From MSN Health, writer Robert Preidt unpacks the study for us.
There could be nearly twice as many cases of the potentially deadly diarrheal disease -- an estimated 779,000 -- between March and November of this year, according to researchers at the University of California, San Francisco and Harvard Medical School.
The discrepancy is important because U.N. projections determine the allocation of resources to fight the disease, said the authors of the study, published March 16 in The Lancet.
"The epidemic is not likely to be short-term," Dr. Sanjay Basu, a UCSF medical resident, said in a university news release. "It is going to be larger than predicted in terms of sheer numbers and will last far longer than the initial projections."

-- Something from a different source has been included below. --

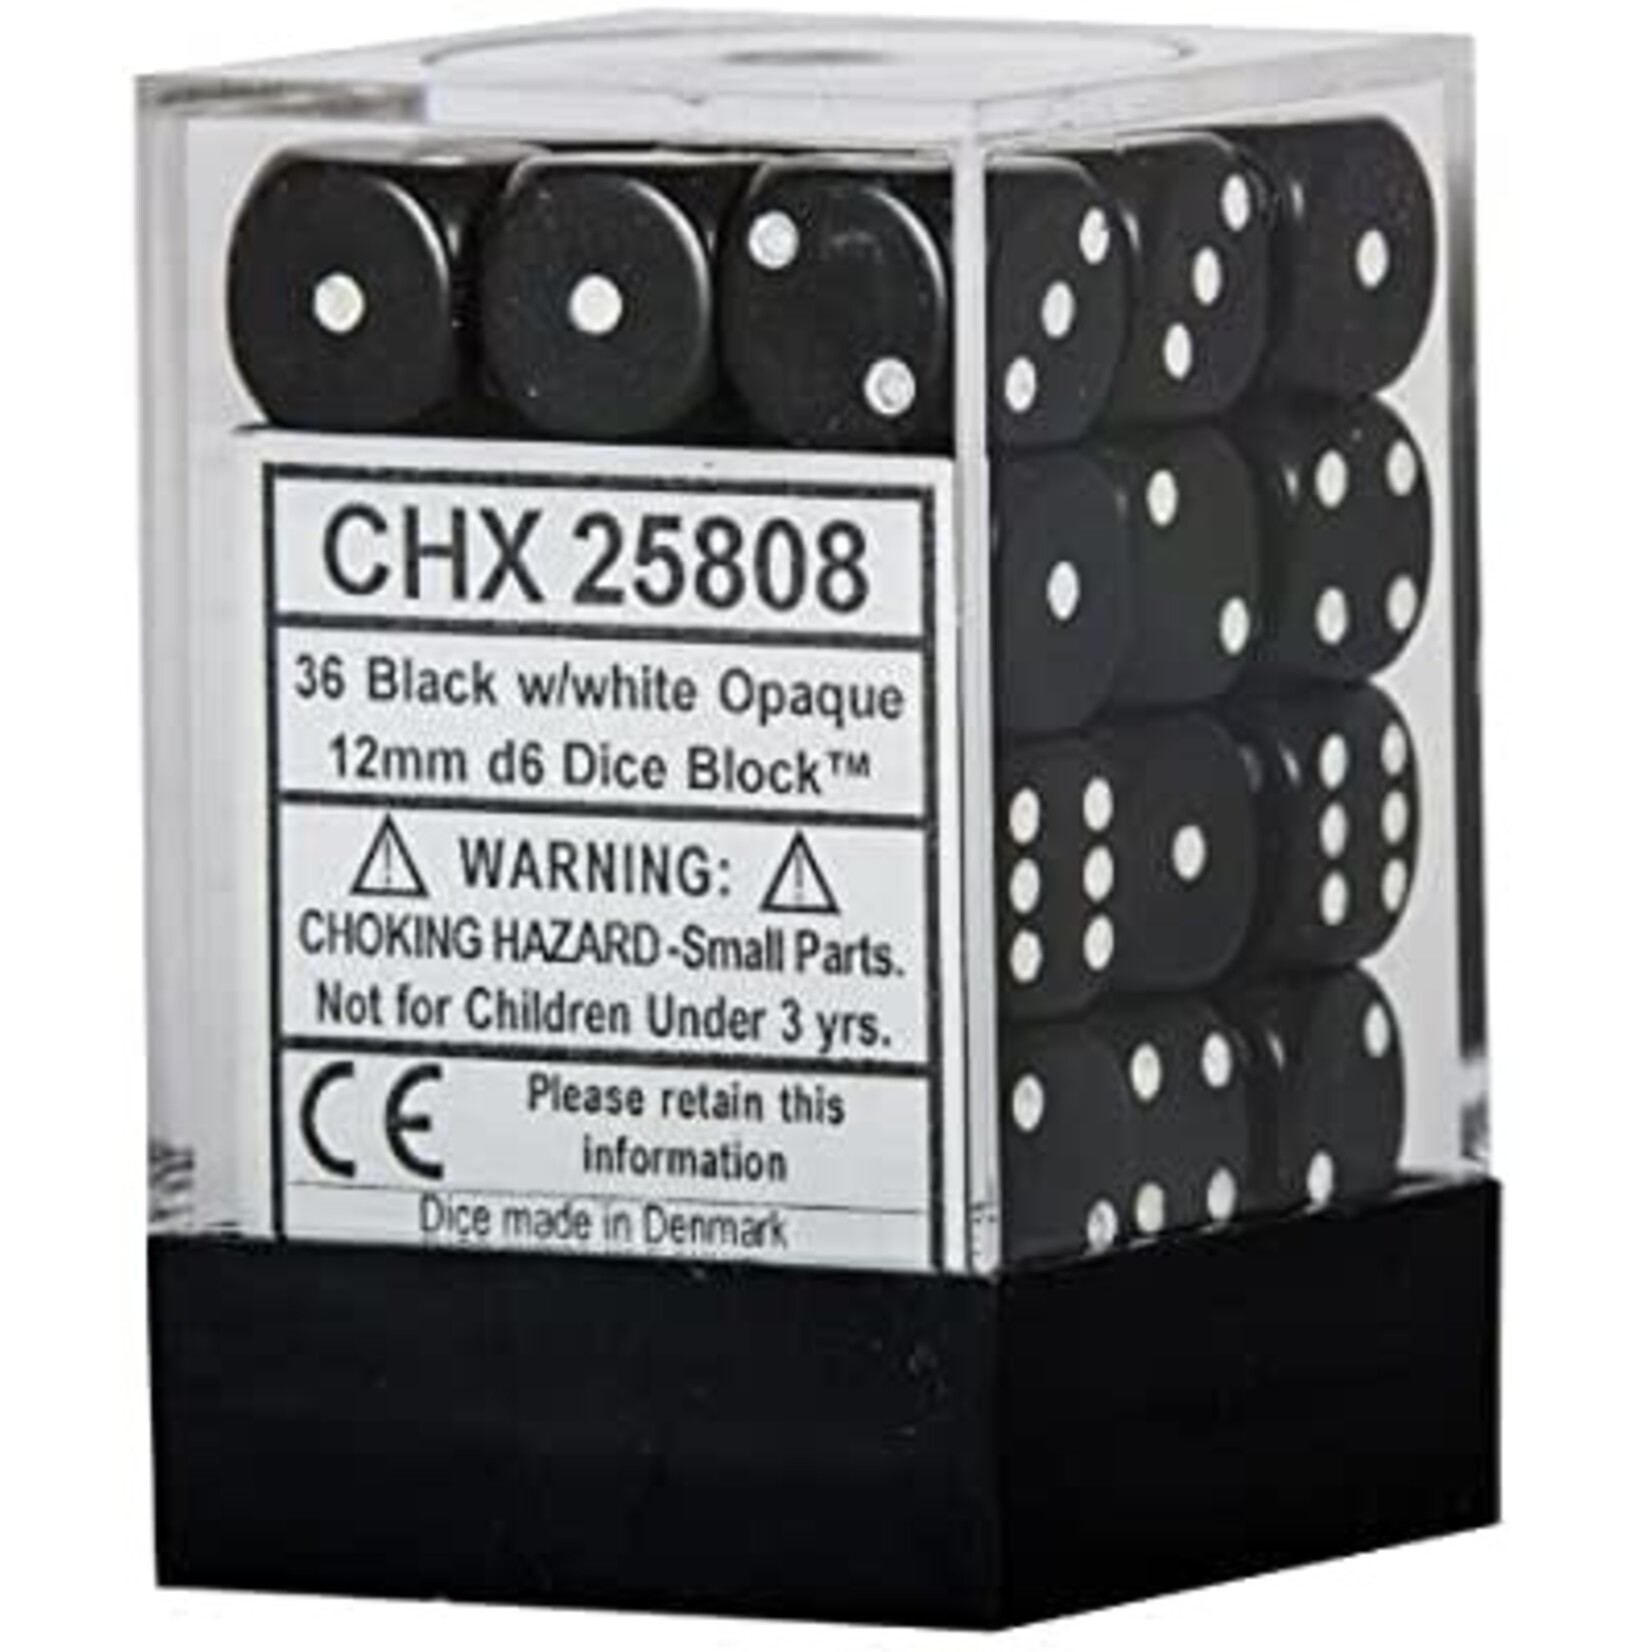 Chessex Opaque Black/white 12mm d6 Dice Block (36 dice)

The cholera epidemic erupted in Haiti after last year's devastating earthquake. Cholera -- spread from person-to-person through contaminated food and water -- can be deadly if untreated. In most cases, treatment for the diarrhea caused by the disease involves rehydration with salty liquids.

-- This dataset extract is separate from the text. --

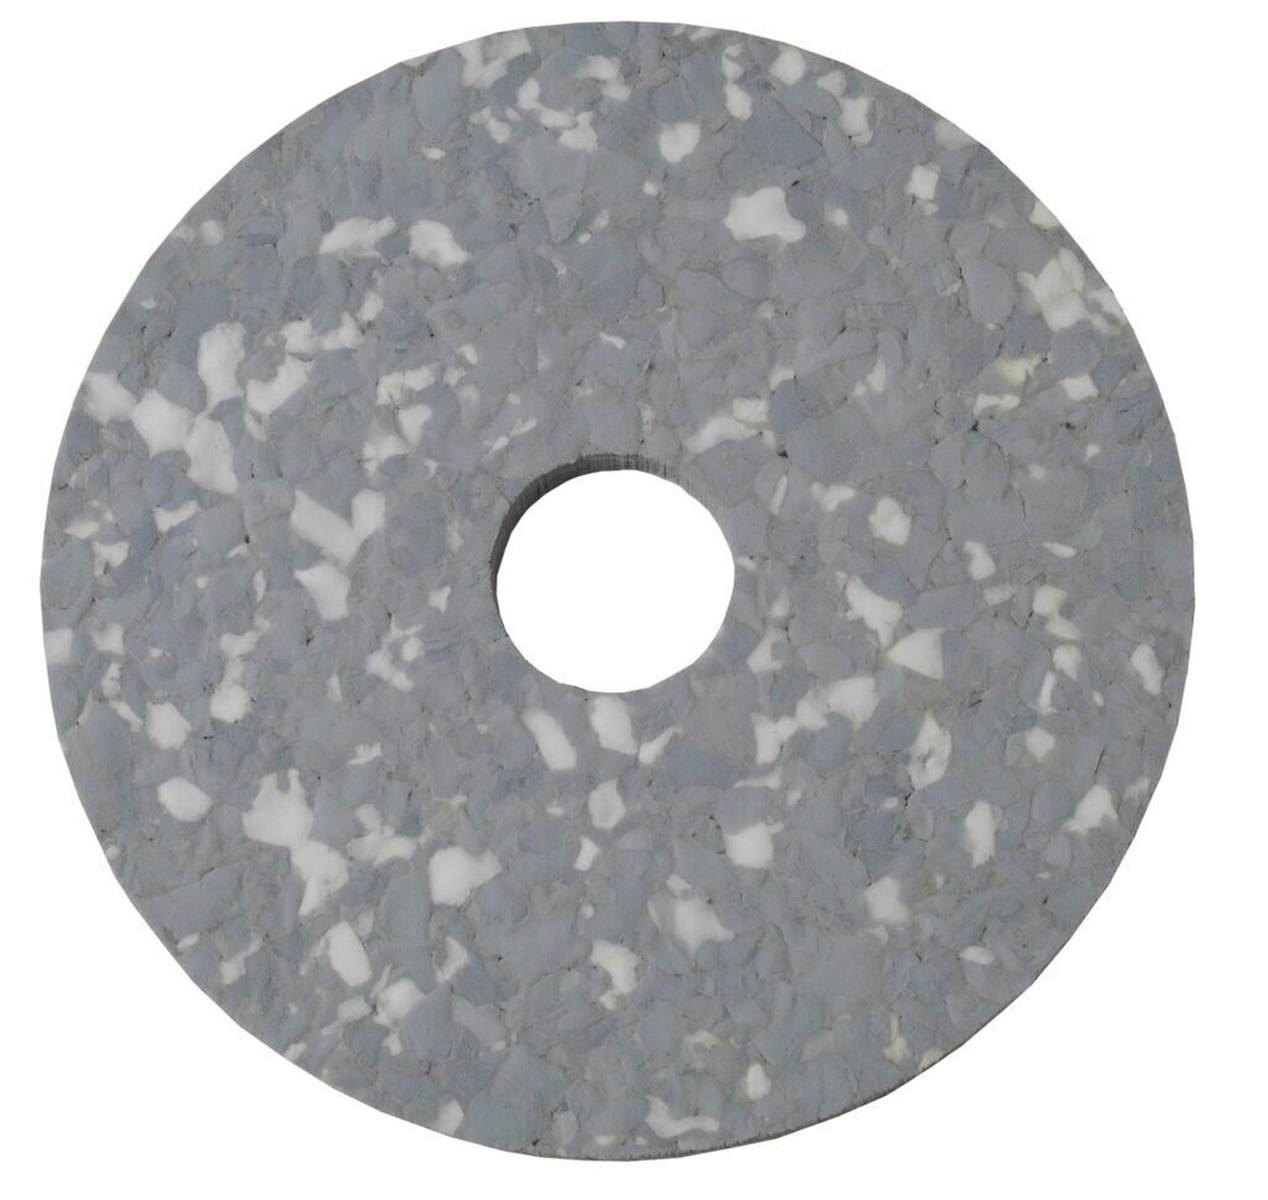 3M Scotch-Brite melamine machine pad, gray / white, 330 mm

Late last year, the U.N. projected that a total of 400,000 people in Haiti would eventually become infected with cholera. They reached that total by assuming that cholera would infect 2 to 4 percent of Haiti's population of 10 million. But the U.N. estimate did not take into account existing disease trends, or factors such as where water was contaminated, how the disease is transmitted, or human immunity to cholera, Basu said.
3 comments:
Hi There:
I was amazed and saddened to read this news piece about microcredit leading to suicides. It's so tragic that even such a good thing can be perverted by unscrupulous people. I really hope that safegaurds are found and put into practice soon. I just discovered your blog. I work with the homeless community in my hometown of Ottawa. Keep the great work!
Hi there, This is an astonishing story but you may want to correct your facts. The projections are for approximately 11,000 deaths and not 779,000. The report estimates that there will be approxinately 800,000 cases. Still, 11,000 is desperately awful.
opps, sorry about that, we have changed the wording on our introduction.